During each condition, the FRA system measured the linear distance from the initial point of center of pressure (COP) to the swayed point of COP in two-dimensional plane every 16 ms for a total of 30 seconds. Sway index was obtained by calculating the average of all measured linear distances. Thus, it represented the average absolute displacement of the COP. The sway index score was derived from each sway index of Conditions 2, 3, and 4. High sway index indicated poor ability to maintain balance. Low sway index score in Condition 2 indicated that somatosensory and vestibular functions were compromised. Low sway index score in Condition 3 indicated that visual and vestibular functions were compromised. Low sway index score in Condition 4 indicated that vestibular function was disrupted.

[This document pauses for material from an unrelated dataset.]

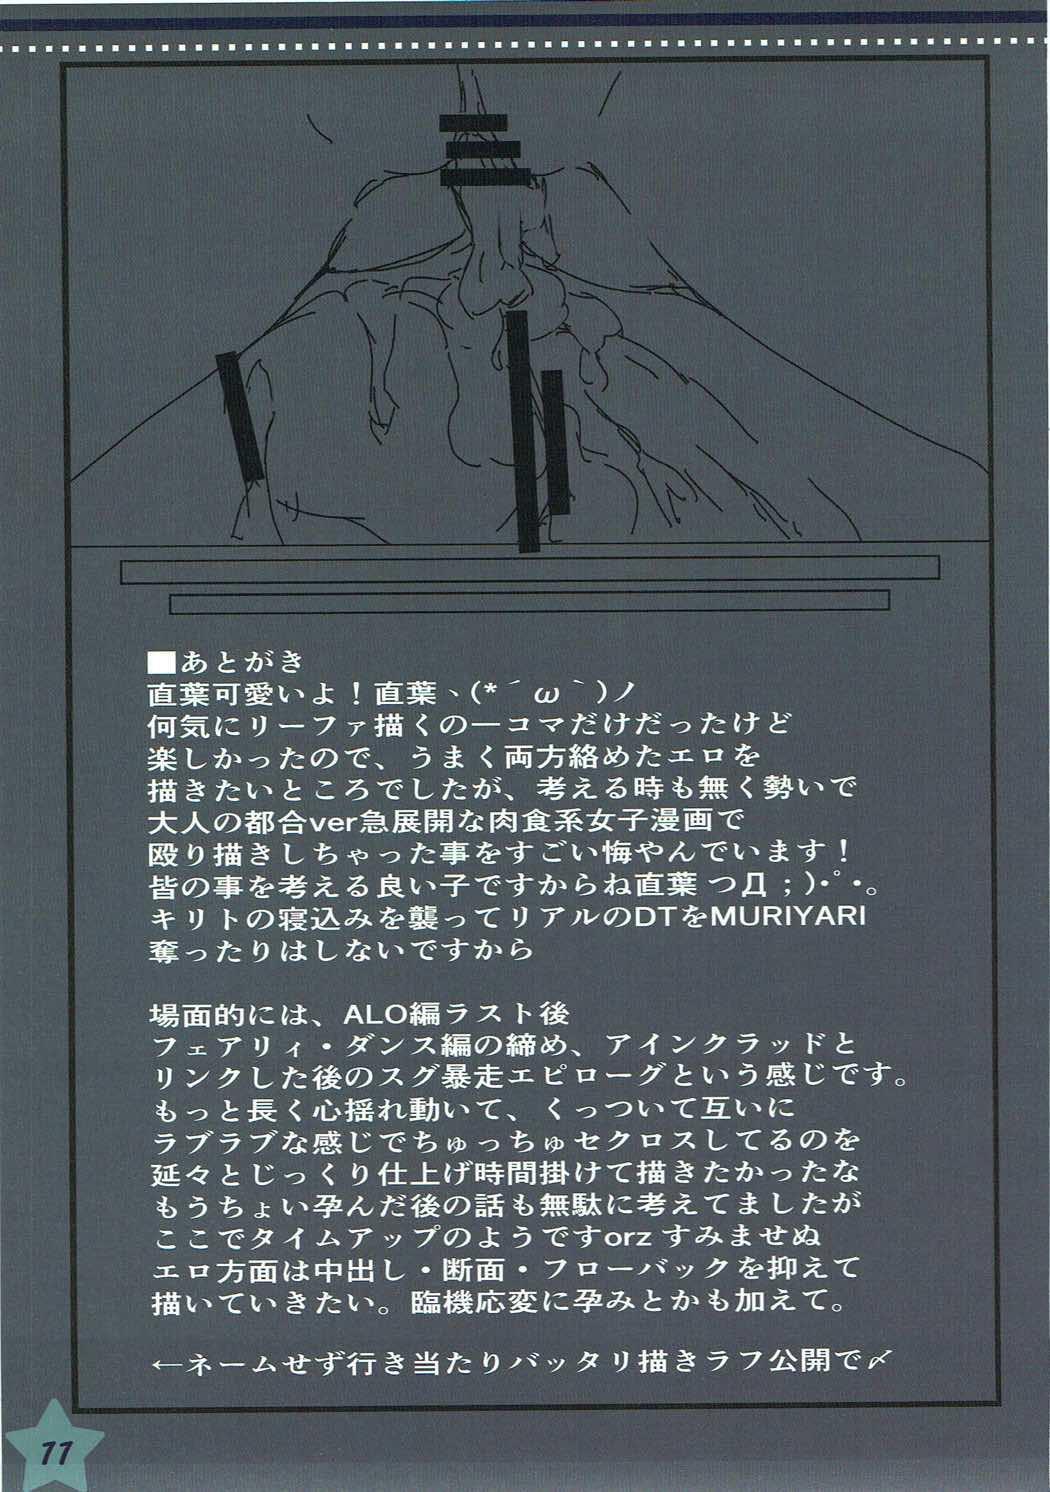 Suguha Zukushi 9

Maintaining balance while standing on a firm, flat surface involves roughly 70% somatosensory input, 20% vestibular input, and 10% visual input whereas standing on a foam surface or a slope involves roughly 70% vestibular input, 20% visual input, and 10% somatosensory input. Thus, the sway index score of Conditions 2, 3, and 4 can be used to differentiate balancing ability of somatosensory, visual, and vestibular systems [20]. The sensory system score was calculated by weighting the sway index scores of Conditions 2, 3, and 4 by 70%, 10%, and 20%, respectively.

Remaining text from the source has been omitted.